Here, we have a tradeoff between the logarithmic factor $\log n$ and the explicitness of the constant depending on $d$ . If we want an explicit constant depending on $d$ , then we have the factor $(\log n)^{1+\frac{1}{d+1}}$ in the upper bound. Later we will see that $\mathbb{E}\mathcal{E}_{3}$ and $\mathbb{E}\mathcal{E}_{4}$ are the dominating terms in the four error terms, hence the explicitness of the corresponding constant becomes important. Therefore, we list two different methods here to bound $\mathbb{E}\mathcal{E}_{3}$ and $\mathbb{E}\mathcal{E}_{4}$ .

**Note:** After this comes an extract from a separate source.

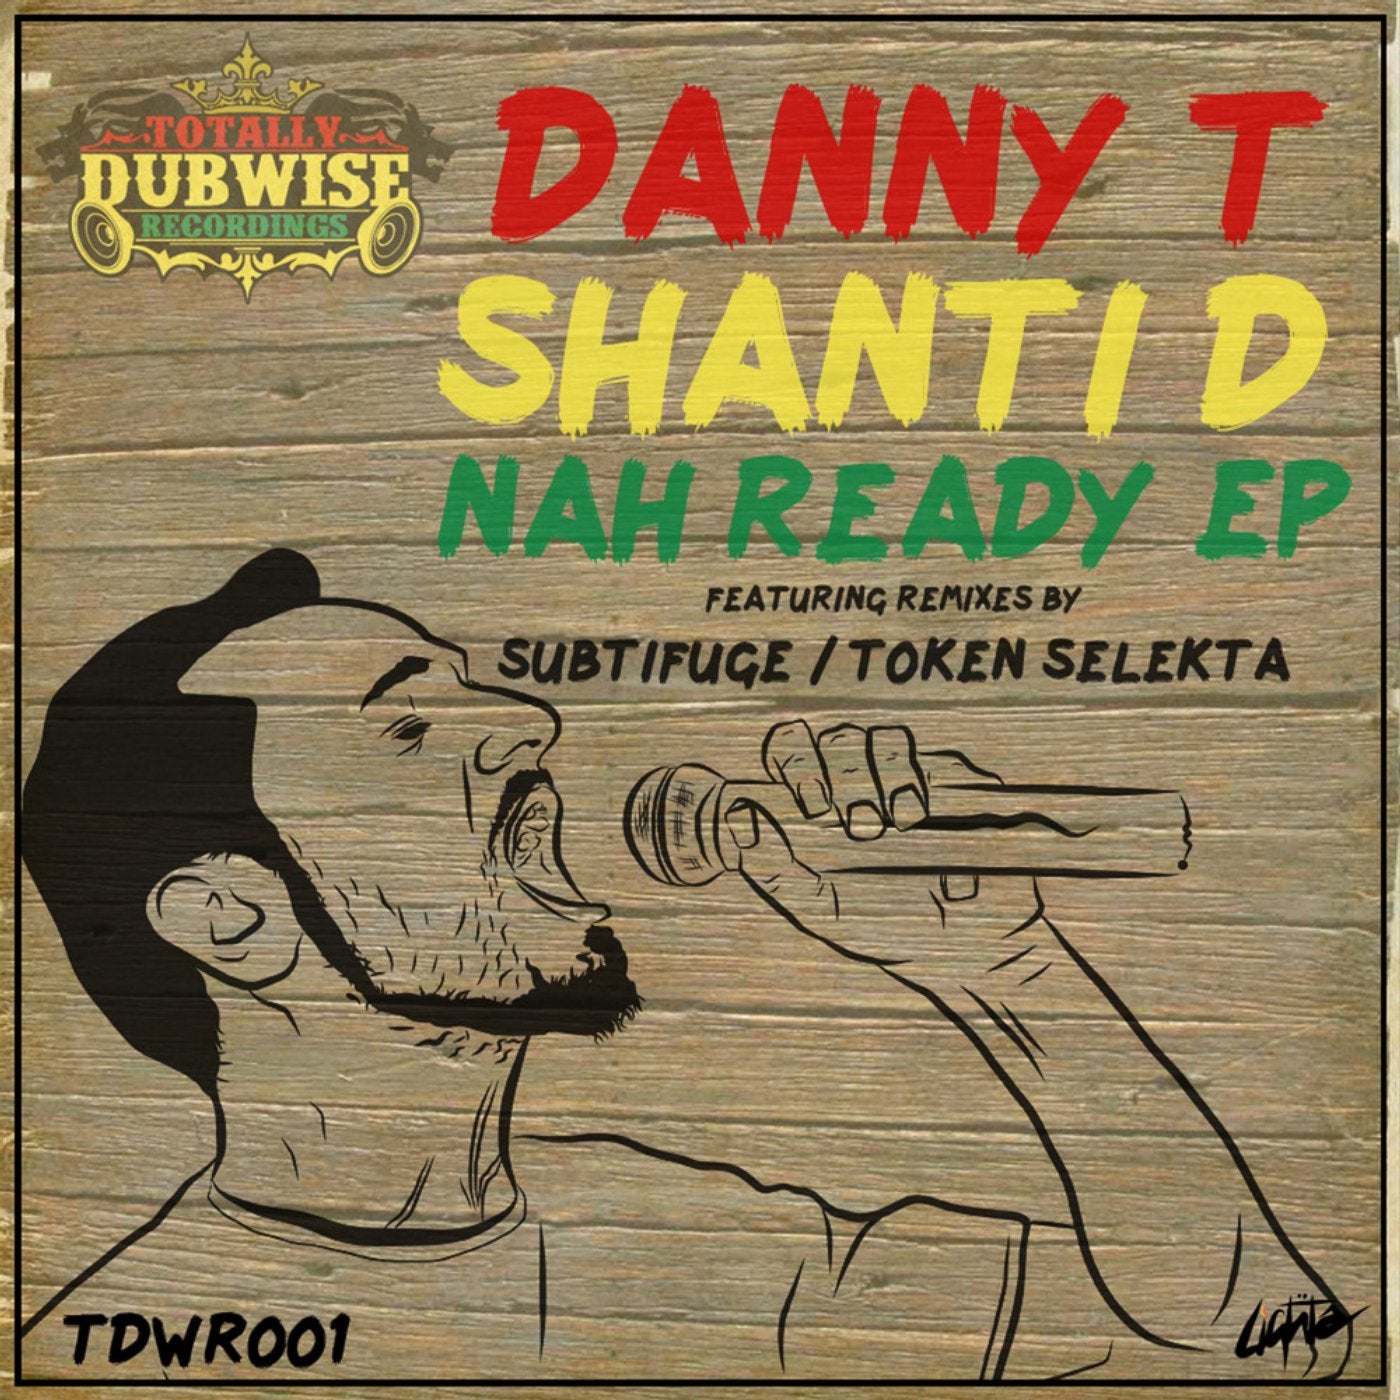 Nah Ready EP (feat. Shanti D)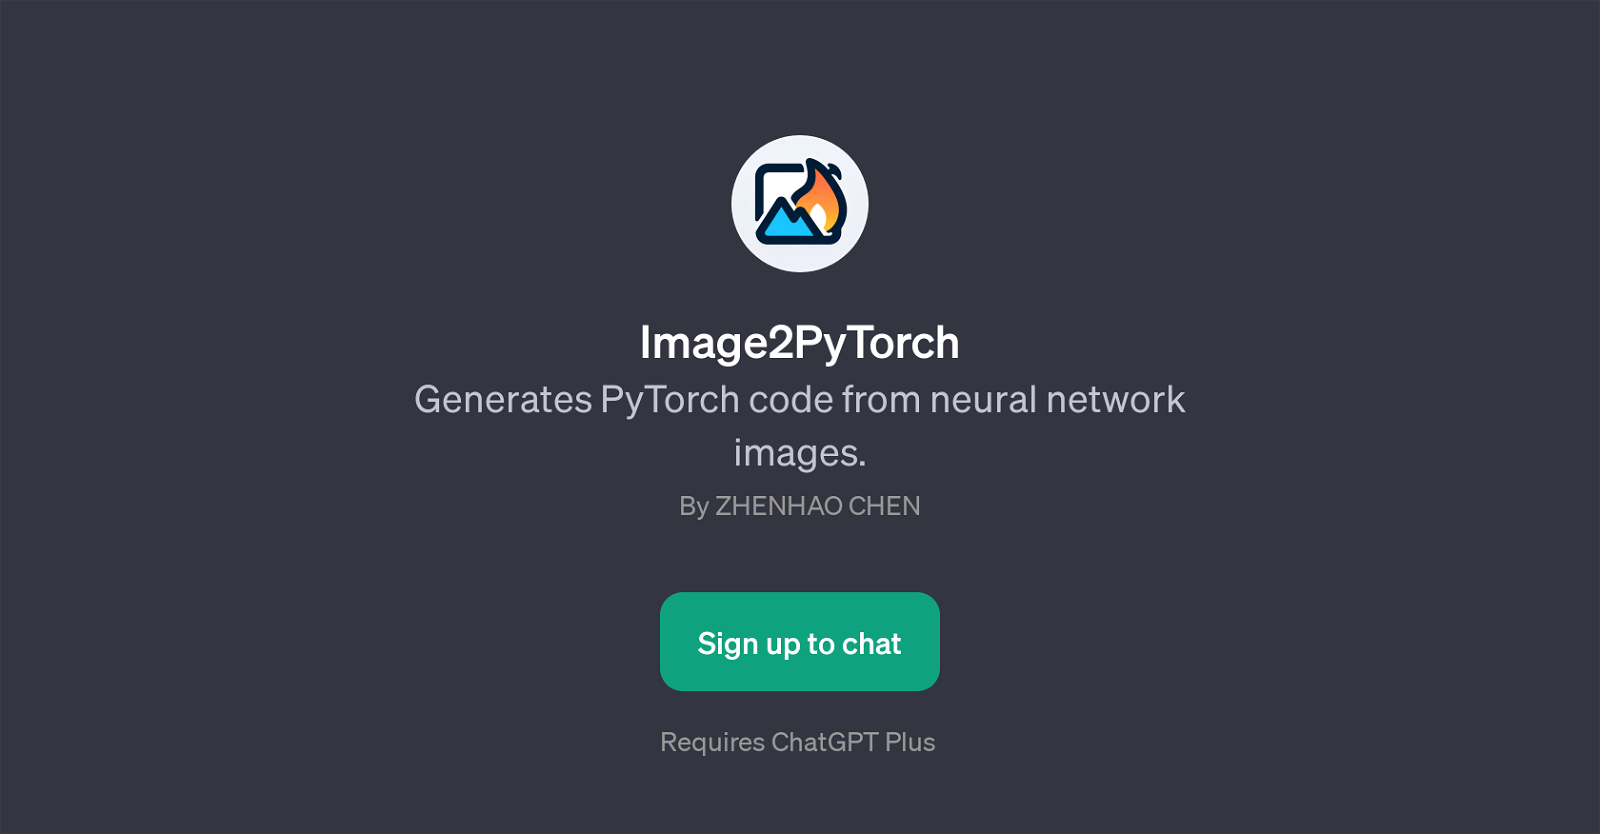 Image2PyTorch website

C.2 Combination of the four error terms

With all the upper bounds for the four different error terms obtained above, next we consider $\mathcal{E}_{1}$ - $\mathcal{E}_{4}$ simultaneously to obtain an overall convergence rate. First, recall how we bound $\mathcal{E}_{1}$ and $\mathcal{E}_{4}$ . With Lemma 4.2, we have

\displaystyle\mathcal{E}_{1}=O\left(\sqrt{d}(W_{1}L_{1})^{-\frac{2}{d+1}}\log n\right).

(C.9)

To control $\mathcal{E}_{1}$ while keeping the architecture of discriminator class $\mathcal{F}_{NN}$ as small as possible, we let $W_{1}L_{1}=\left\lceil\sqrt{n}\right\rceil$ , so that $\mathcal{E}_{1}=O\left(\sqrt{d}n^{-\frac{1}{d+1}}\log n\right)$ dominated by $\mathcal{E}_{3}$ and $\mathcal{E}_{4}$ .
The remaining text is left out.